(RECORDS SHOWN)
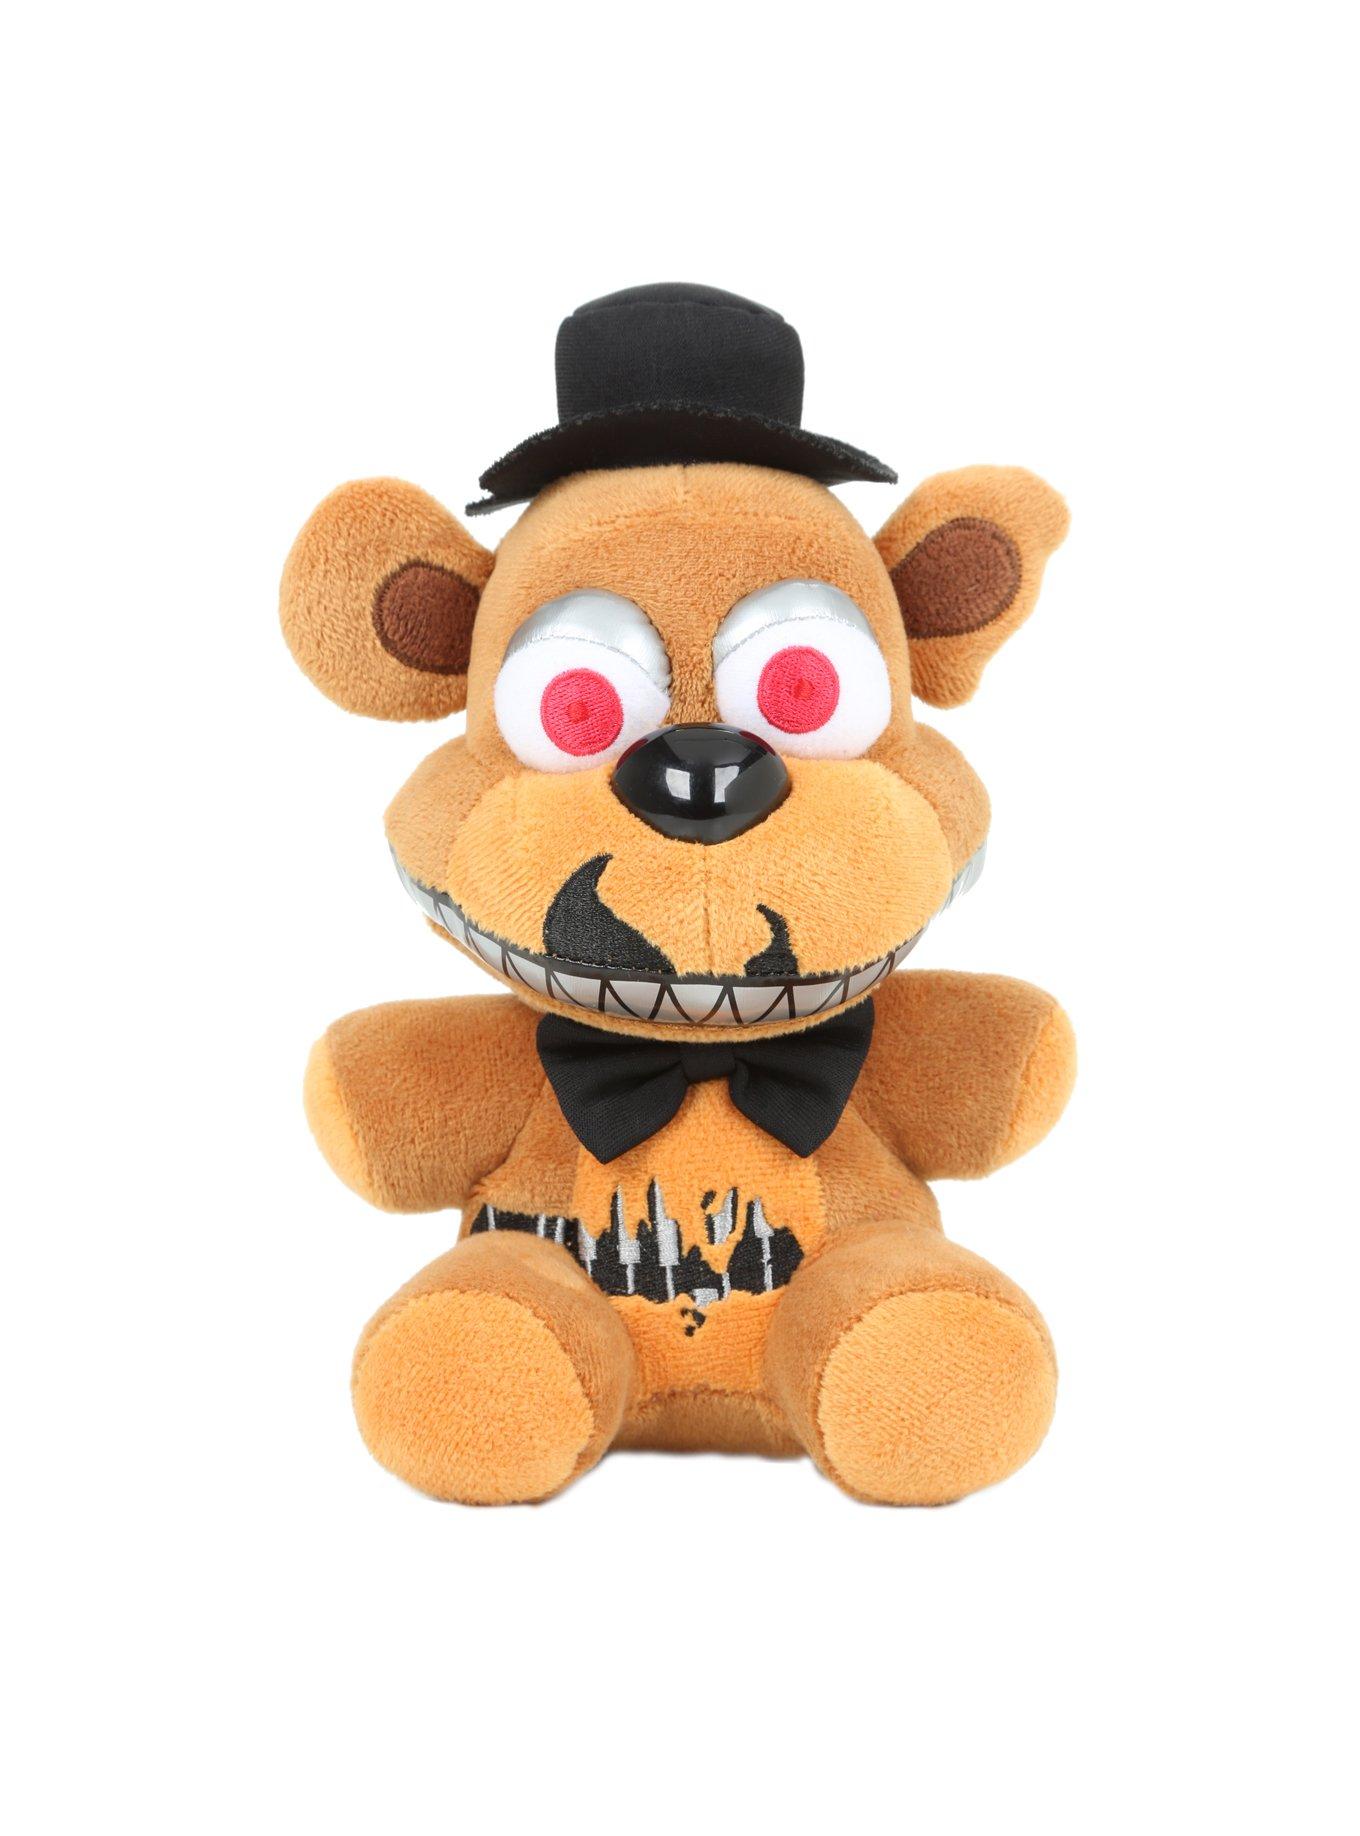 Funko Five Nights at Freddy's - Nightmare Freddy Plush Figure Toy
(End RECORDS SHOWN)
(RECORDS SHOWN)
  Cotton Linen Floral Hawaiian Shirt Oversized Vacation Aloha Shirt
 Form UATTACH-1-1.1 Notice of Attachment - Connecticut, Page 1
(End RECORDS SHOWN)
> EXERCISE OBJECTIVE:
Copy out only the lines of the records above from the one with "Cotton Linen Floral" through the one with "Form UATTACH-1-1.1 Notice", exactly as they stand, both included.

> ANSWER:
  Cotton Linen Floral Hawaiian Shirt Oversized Vacation Aloha Shirt
 Form UATTACH-1-1.1 Notice of Attachment - Connecticut, Page 1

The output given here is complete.